- _INSTRUCTIONS TO FOLLOW_: Exactly those lines from the one with "The length of" through the end of the listing below must be returned, and nothing else.

- _ENTRIES SUPPLIED_:
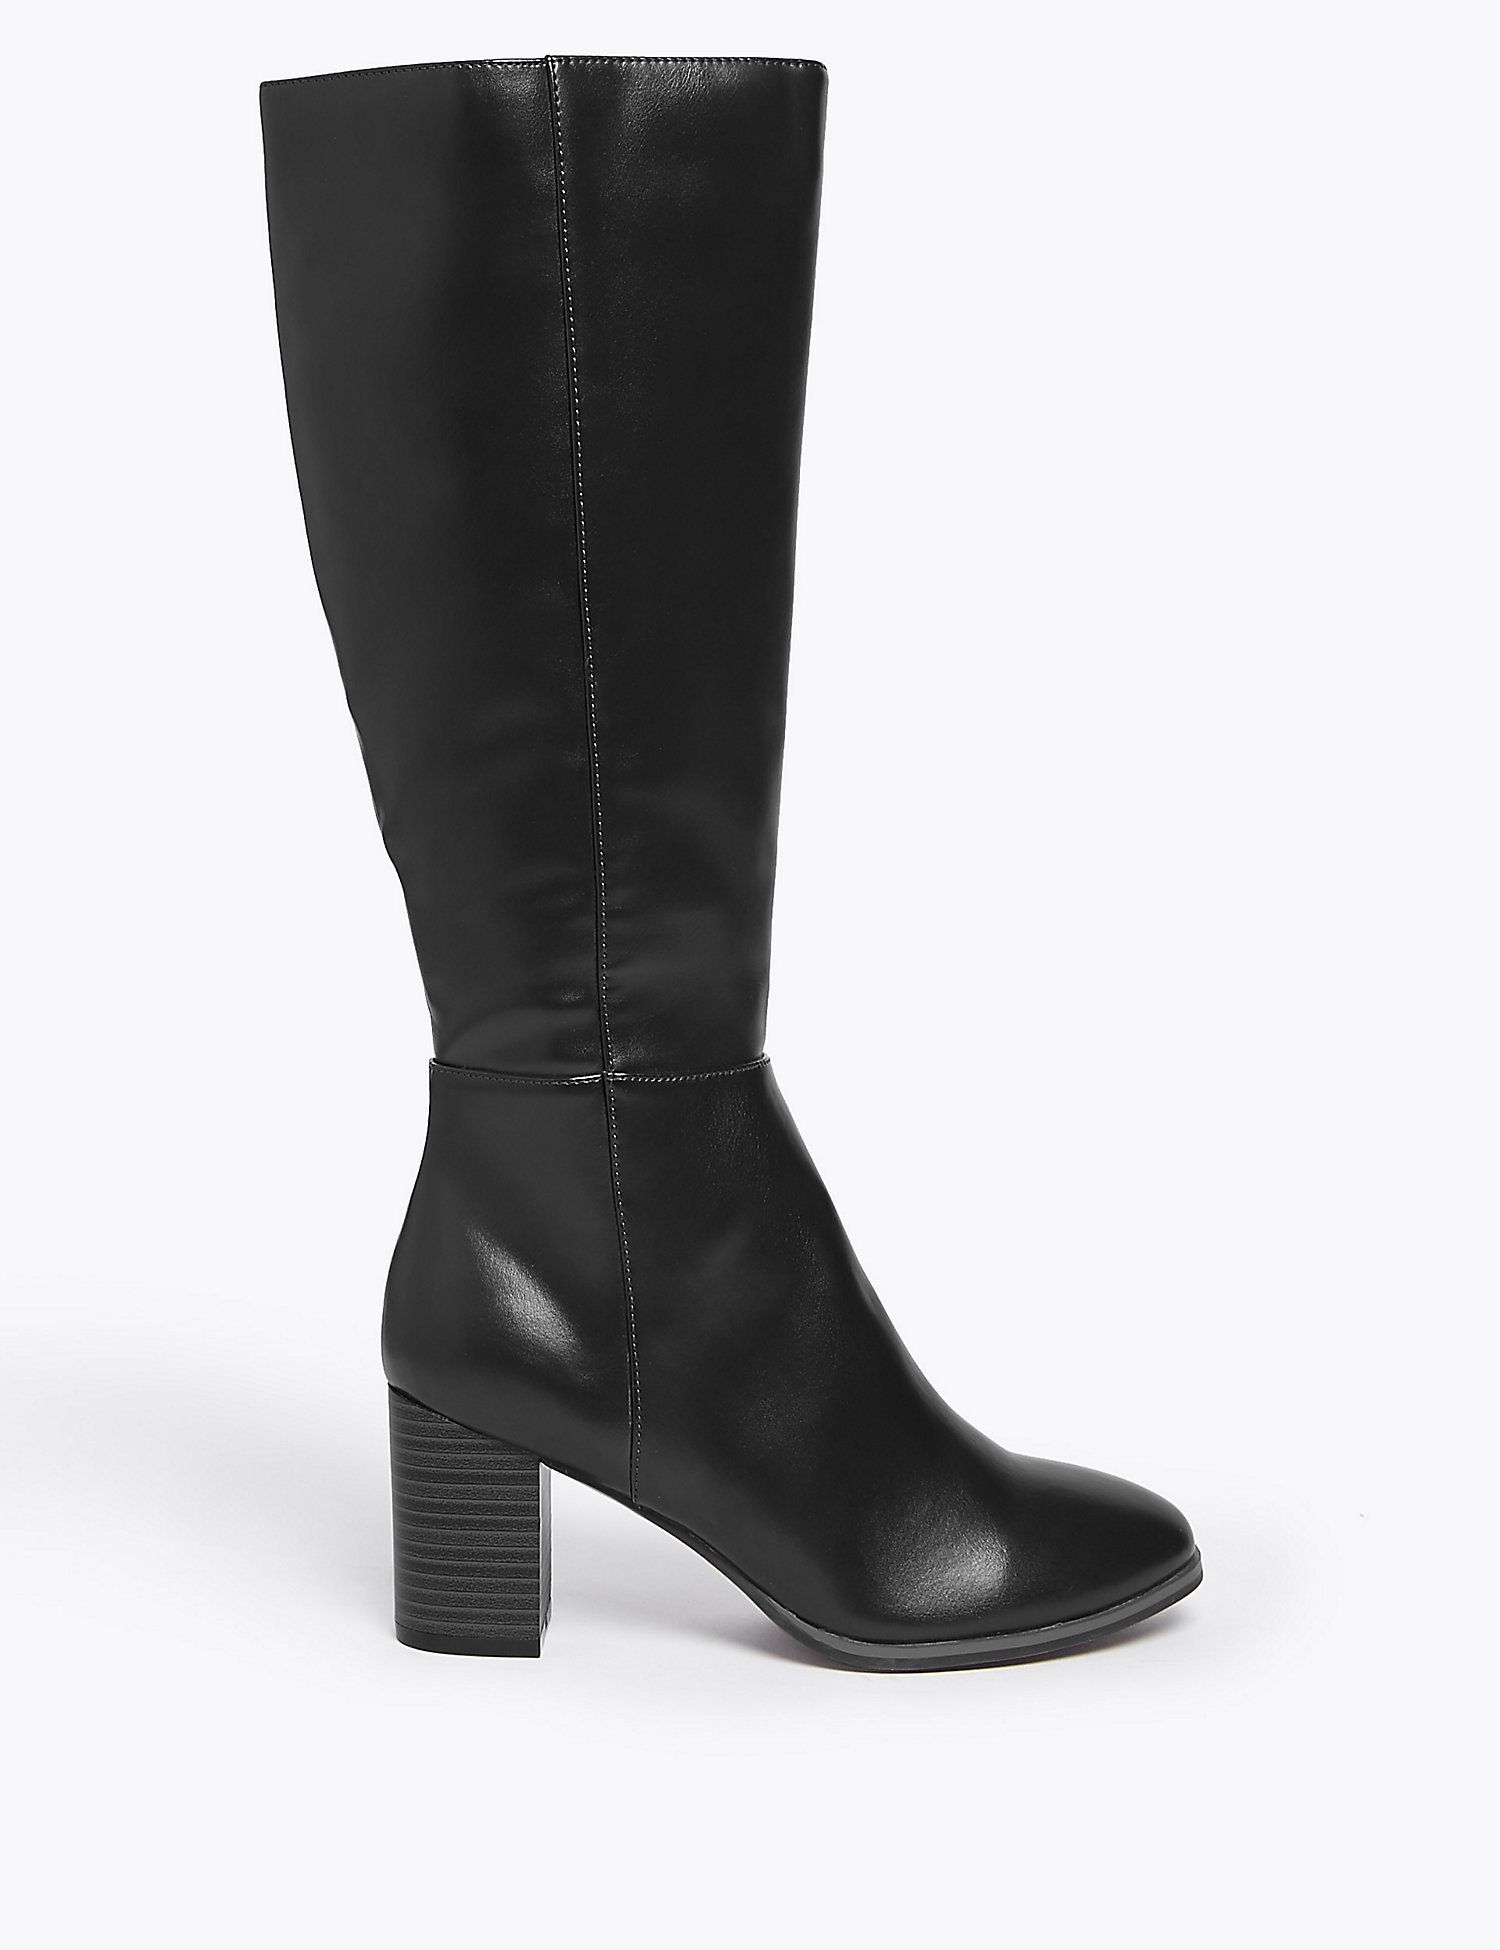 marks and spencer wedge boots
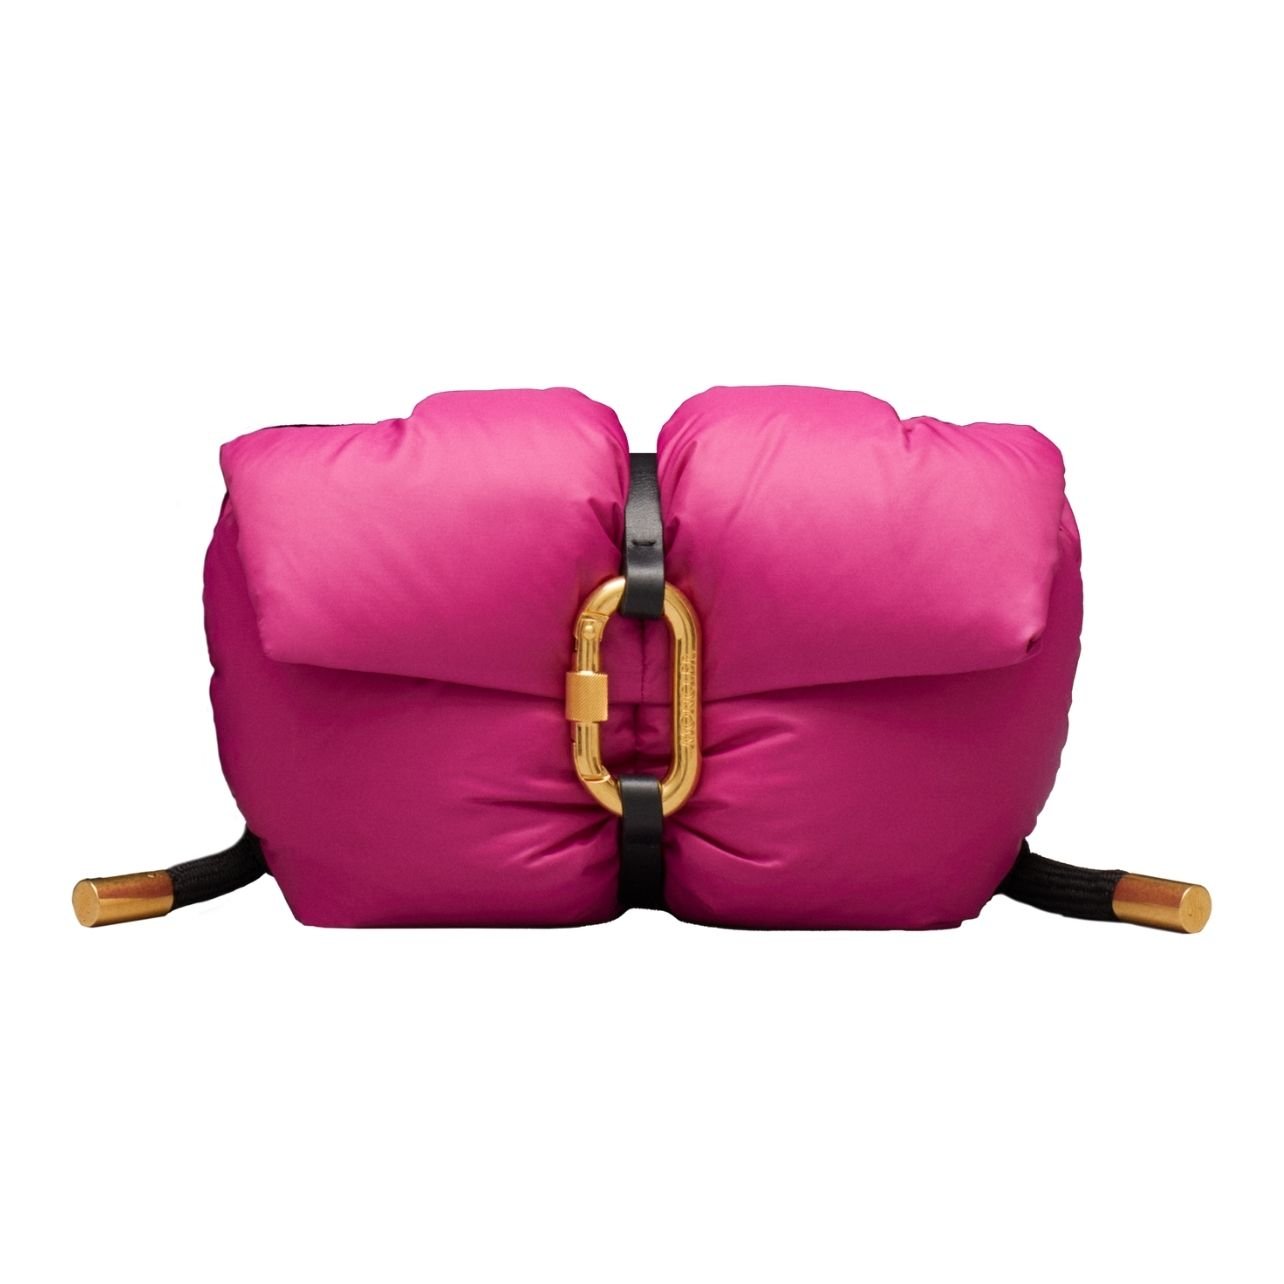 Pink Moncler purse with gold hardware
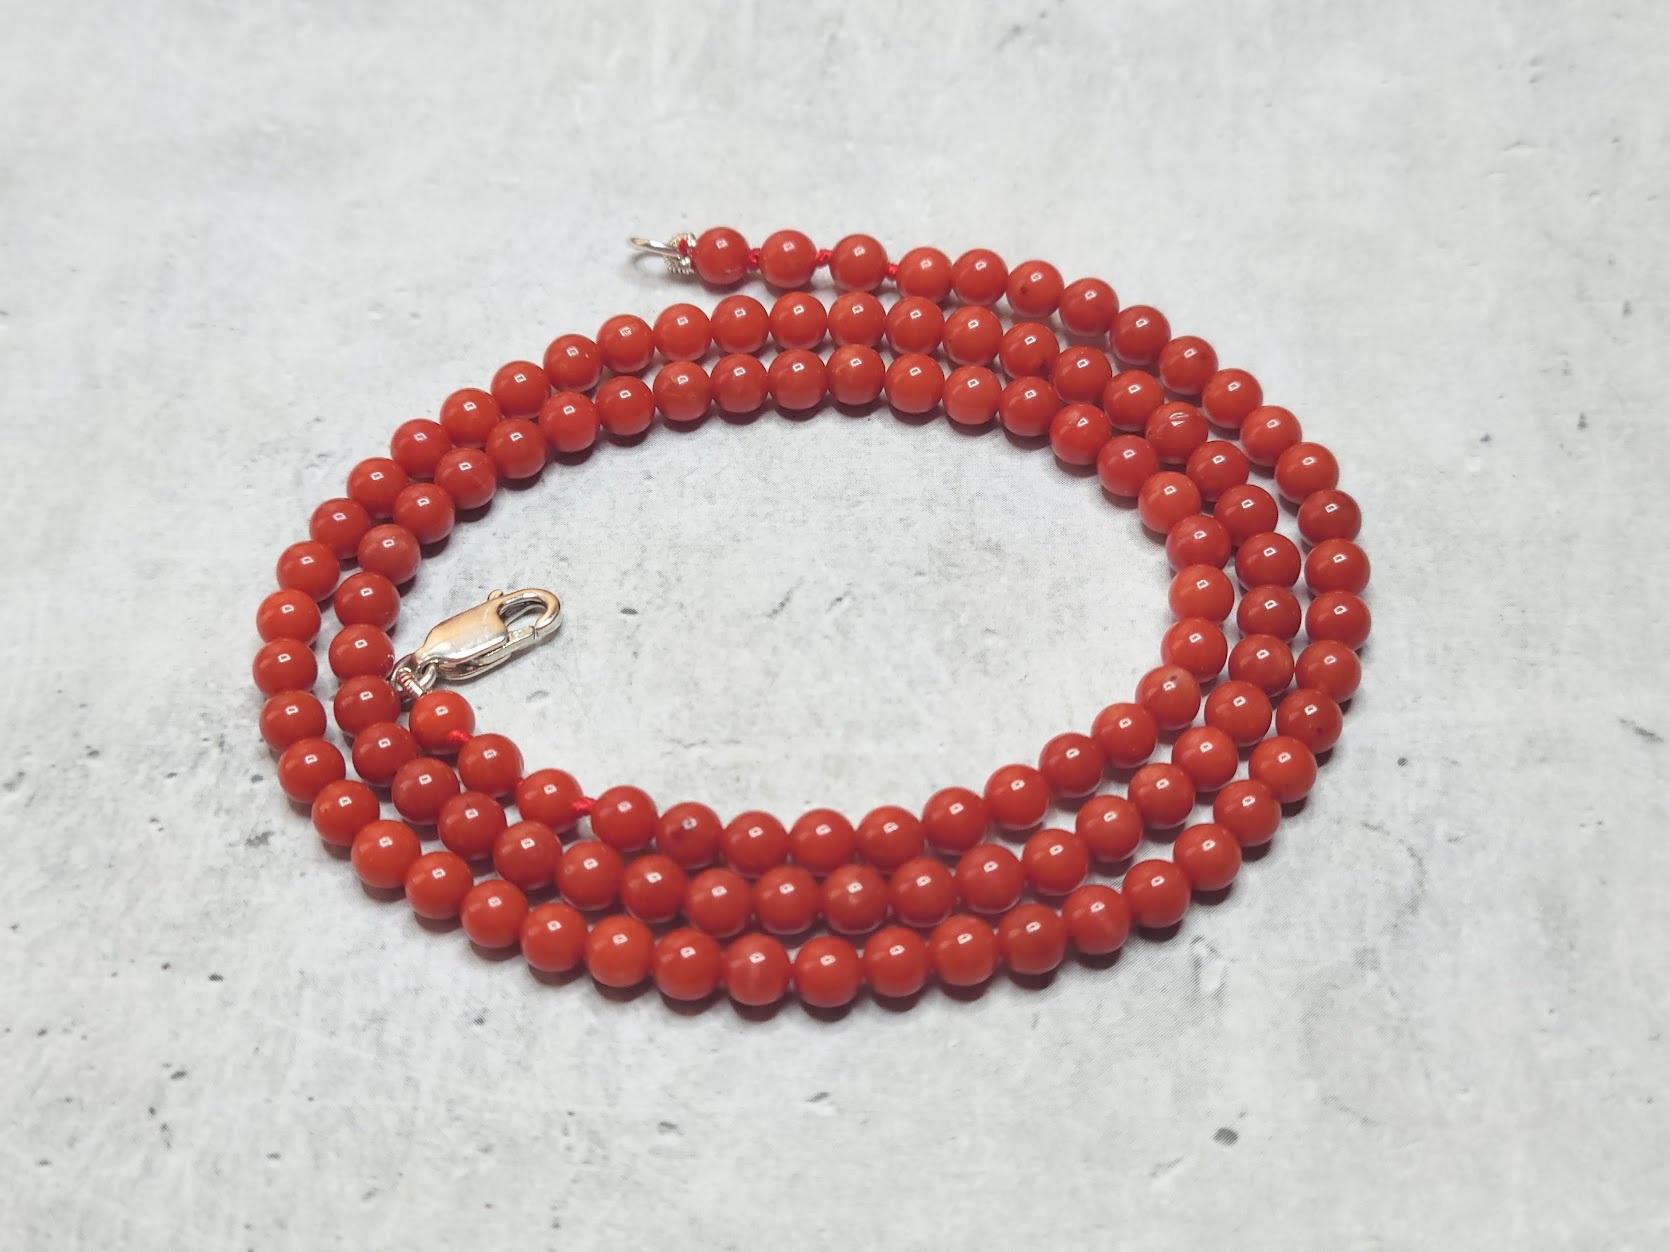 Clothes, and especially jewelry, affect our mood. By wearing a vintage coral necklace, you agree in advance that today is not the time to worry about anything.

The length of the necklace is 18 inches ( 45.7 cm).
The size of the smooth round coral

- _RESULT_:
The length of the necklace is 18 inches ( 45.7 cm).
The size of the smooth round coral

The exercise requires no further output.